Улица Пушкина – по ту сторону ворот. А по эту – настоящие тюремные корпуса.

Здания, фасадами выходящие на улицу, на все четыре квартала, подобны двуликому Янусу: наружу они улыбаются большими окнами с тюлевыми занавесками, а внутрь двора хмурятся оконцами с решетками и намордниками».

Это Янус, одно лицо которого принадлежит Пушкину, а другое – Бенкендорфу.

Я как во сне. Очень плохом сне – кошмаре. Меня фотографируют в профиль и анфас. Берут отпечатки пальцев и всей ладони. Две мегеры раздевают меня догола. Осматривают. Обмеряют. Ощупывают.

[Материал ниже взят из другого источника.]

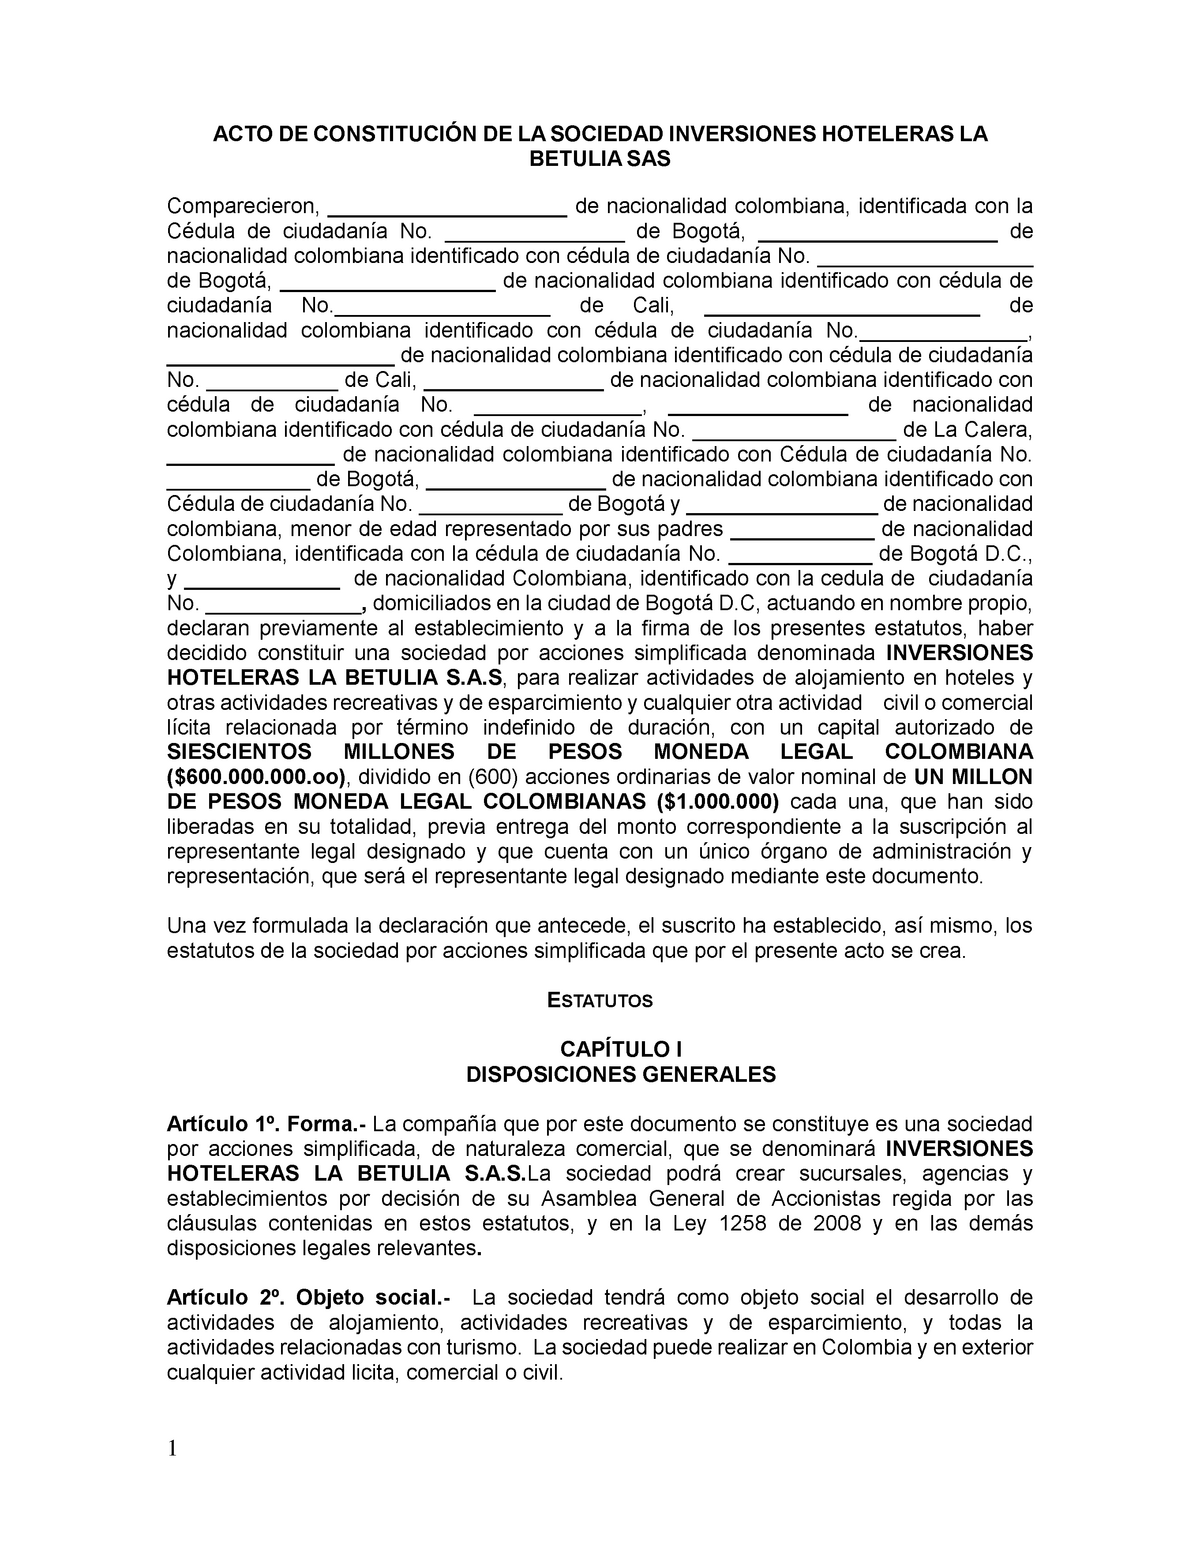 Acta constitución Estatutos - ACTO DE DE LA SOCIEDAD INVERSIONES ...

Мнут своими омерзительными руками мои соски – грудные железы к этому времени у меня совсем атрофировались.

– Грудь – не рожавшей! – изрекает одна из мегер.

– Во всяком случае, не кормившей! – уточняет другая.

Заставляют присесть – заглядывают в задницу.

– Тьфу! – не выдерживаю я. – Хорошо, что это вы в мою задницу заглядываете, а не я в вашу.

Спускаемся по ступенькам в коридор – широкий, шикарный. Яркое освещение. Тишина. Надзирательница заглядывает в волчок и лишь после этого начинает греметь ключами. Дверь отворяется. Теперь ясно, почему так тихо: дверь чуть не 40 см толщиной, герметичная. Как в подвалах банка, где хранится золотой запас. Должно быть, тут очень опасные преступники...

И вот я в камере. Полуподвальное помещение. Окна высоко от пола. Впоследствии я узнала, что они на уровне двора. Темновато. На окне снаружи «намордники». Пол каменный. Стол. Три стула. Коек нет. После оказалось – есть три койки, которые открываются на ночь, а днем захлопнуты в стенку. Одиннадцать женщин. Я двенадцатая. Итак, я – в настоящей тюрьме, среди настоя-щих преступников. Кланяюсь и говорю:

– Здравствуйте, женщины!

– Ш-ш-ш-ш... Говорить можно лишь вполголоса.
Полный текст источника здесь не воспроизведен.